Estimating temporal trends in merchantable wood volume

This page provides a detailed tutorial of the code used to implement the second case study presented in Stanke, Finley, Domke (2021), “Simplifying small area estimation with rFIA: a demonstration of tools and techniques”. Here, we develop a temporally-explicit unit-level estimator of trends in merchantable wood volume in Washington County, Maine, using a Bayesian multi-level linear model and data collected by the USFS Forest Inventory and Analysis (FIA) Program. Note that this tutorial only shows the code and does not show the results of the code.

Figure 2 (reprinted above for convenience) provides a concept map illustrating key steps, functions, and workflows used to estimate multi-decadal trends in merchantable wood volume in Washington County. Here, blue cylinders represent data inputs, orange hexagons represent intermediate data products, red ovals represent models, and green rectangles represent domain estimates.

In words, this process consists of four primary stages:

Extract survey design information associated with the most recent “current volume” inventory in Maine.
Produce plot-level summaries of merchantable wood volume for all FIA plot visits within our domain of interest (i.e., timberland in Washington county, years 1999-2025).
Fit a Bayesian multi-level linear model to estimate plot- and stratum-level mean merchantable wood volume conditional on time, accounting for repeated observation of plots.
Summarize regression coefficients estimated by the model using post-stratified design weights, yielding a robust model-based estimator of temporal trends in total merchantable wood volume for our domains of interest.

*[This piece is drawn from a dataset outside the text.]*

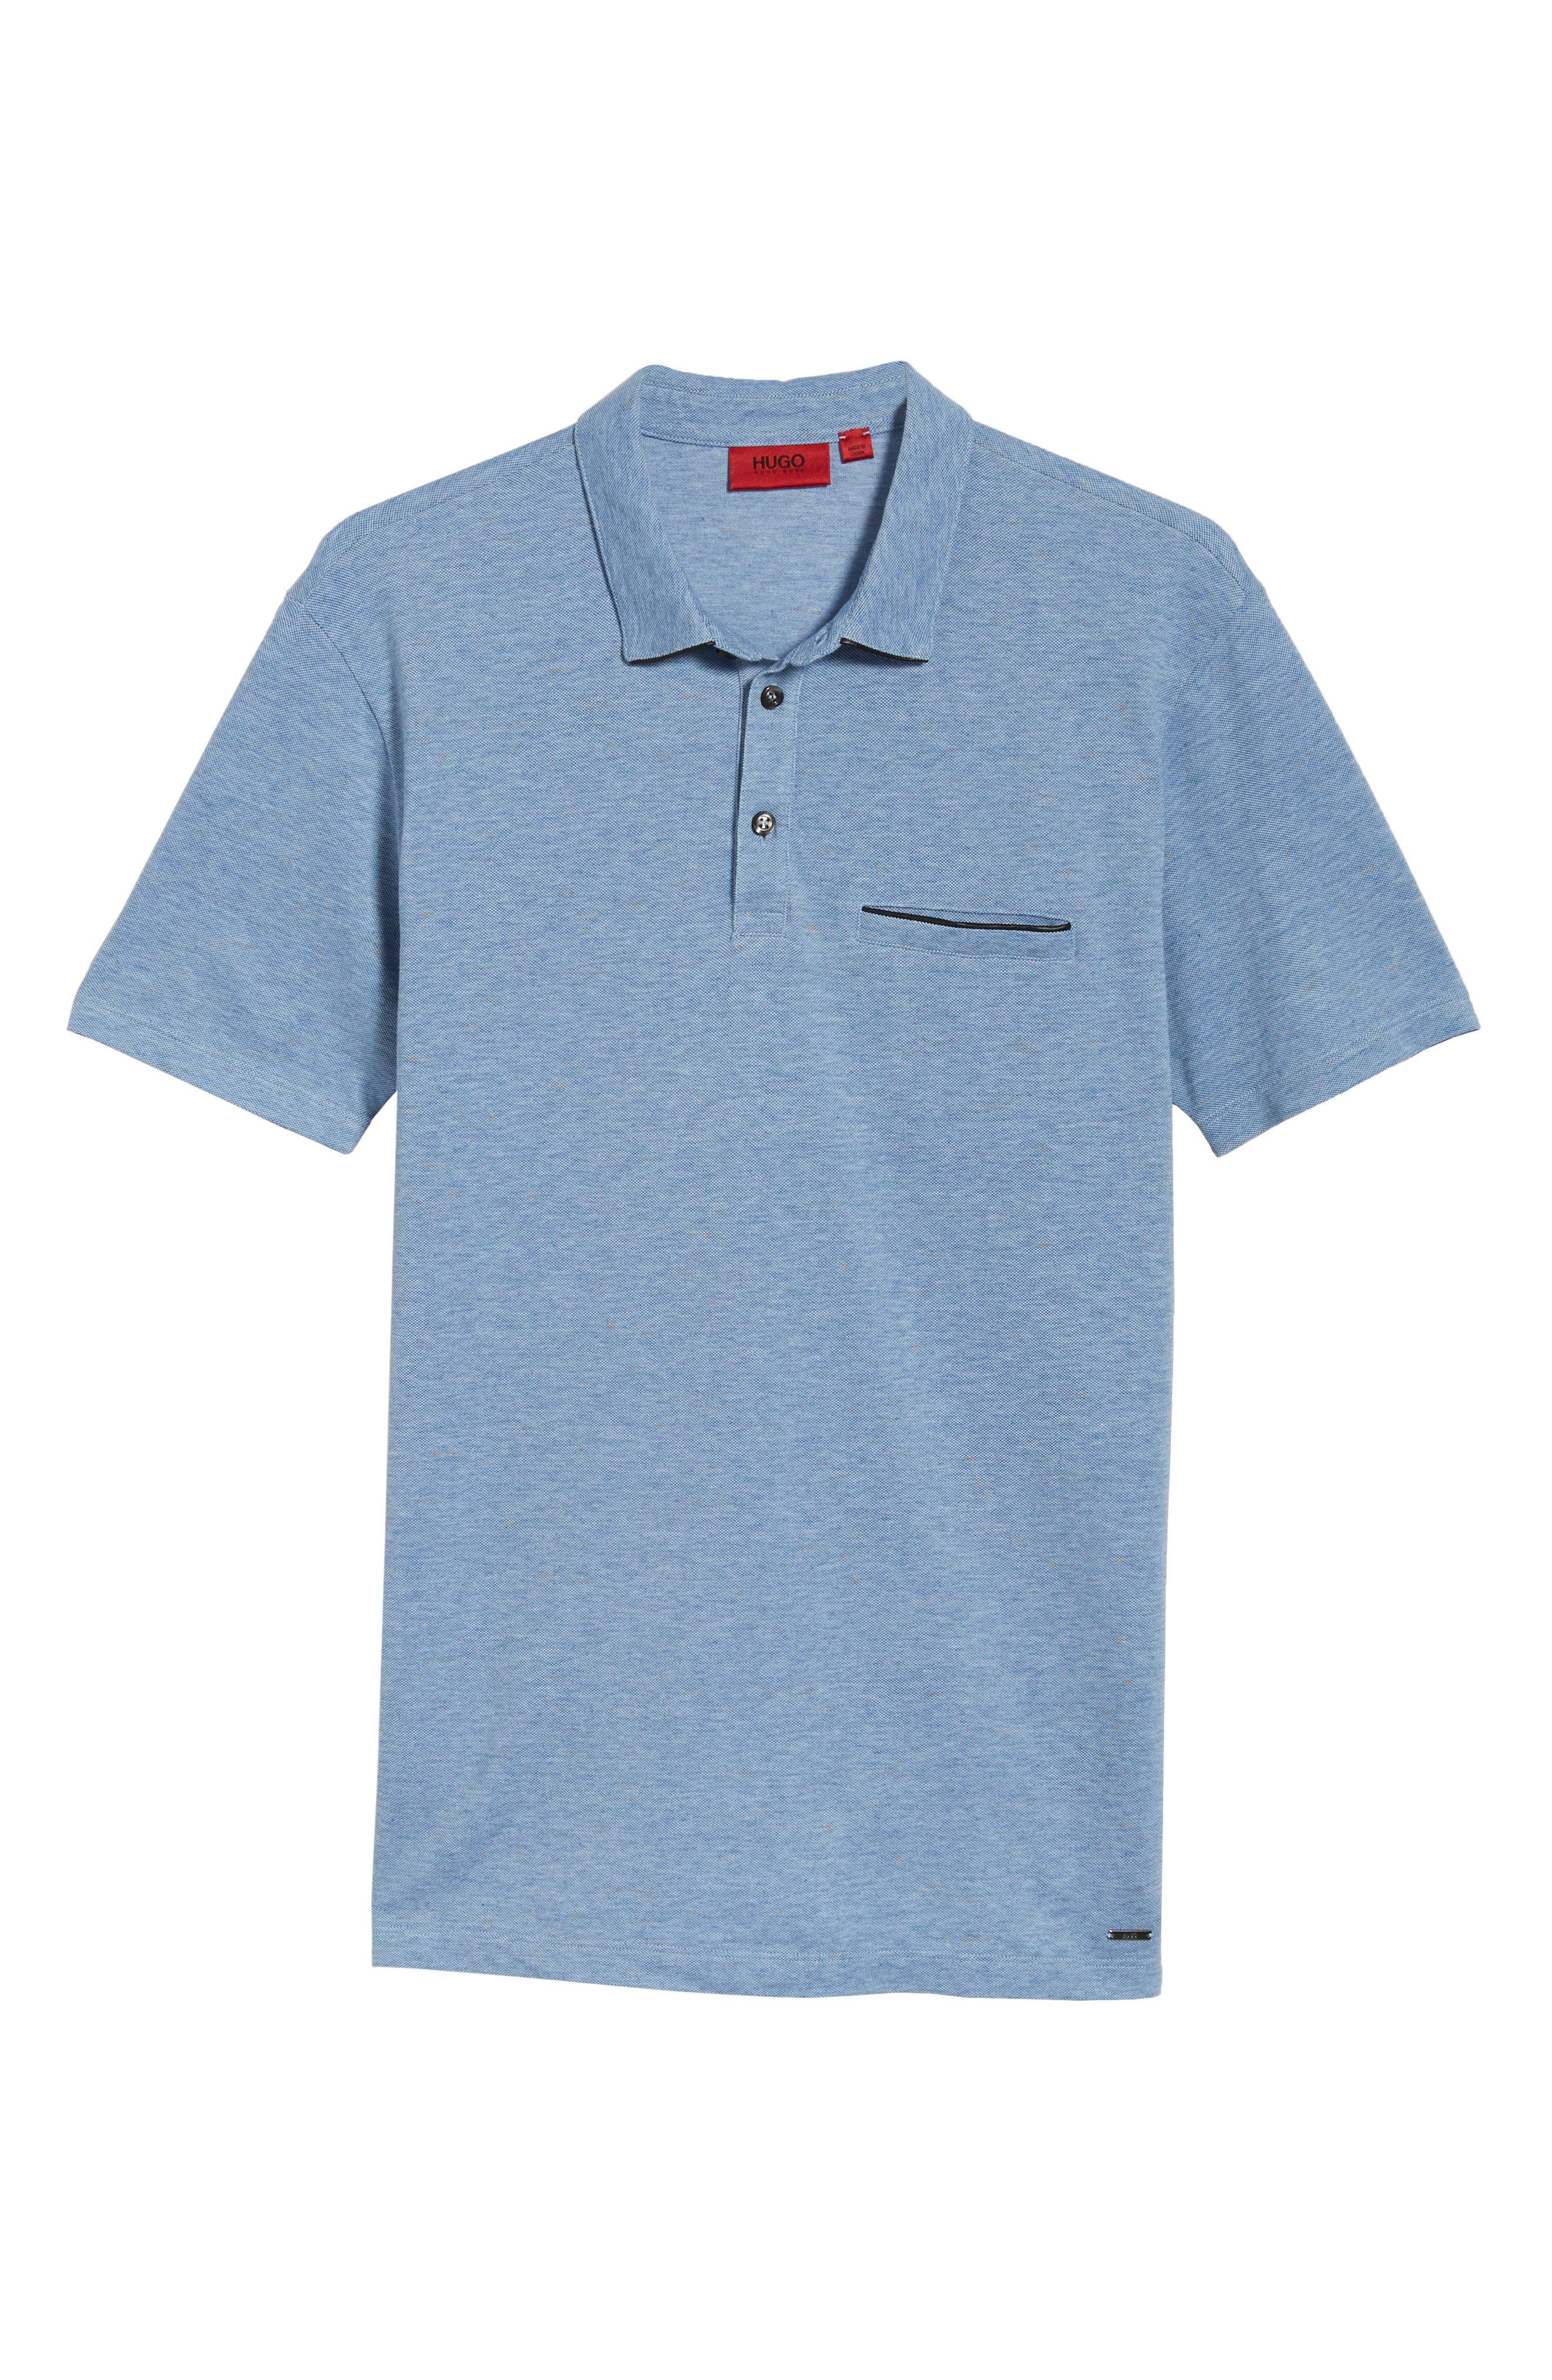 Darrow Cotton Polo Shirt,                             Alternate thumbnail 6, color,                             Blue

Finally, we evaluate the performance of our model by comparing model-based population estimates to annual, post-stratified estimates (design-based) for the same population over the period 1999-2019.

Getting Started

Downloading code and data from GitHub

Data and code required to replicate our workflows are available on GitHub. If you are familiar with Git, simply clone this repository on your local machine to get started. If you are not familiar, click on the Code dropdown in the upper-right hand corner of the landing page here (just left of the About section), and you can download the full repository as a zip file.

Important: we house code and data associated with both case studies presented in this manuscript in the GitHub repository referenced above. Everything you need for this case study (estimating trends in merchantable volume in Washington County, Maine) can be found in the vol/ directory.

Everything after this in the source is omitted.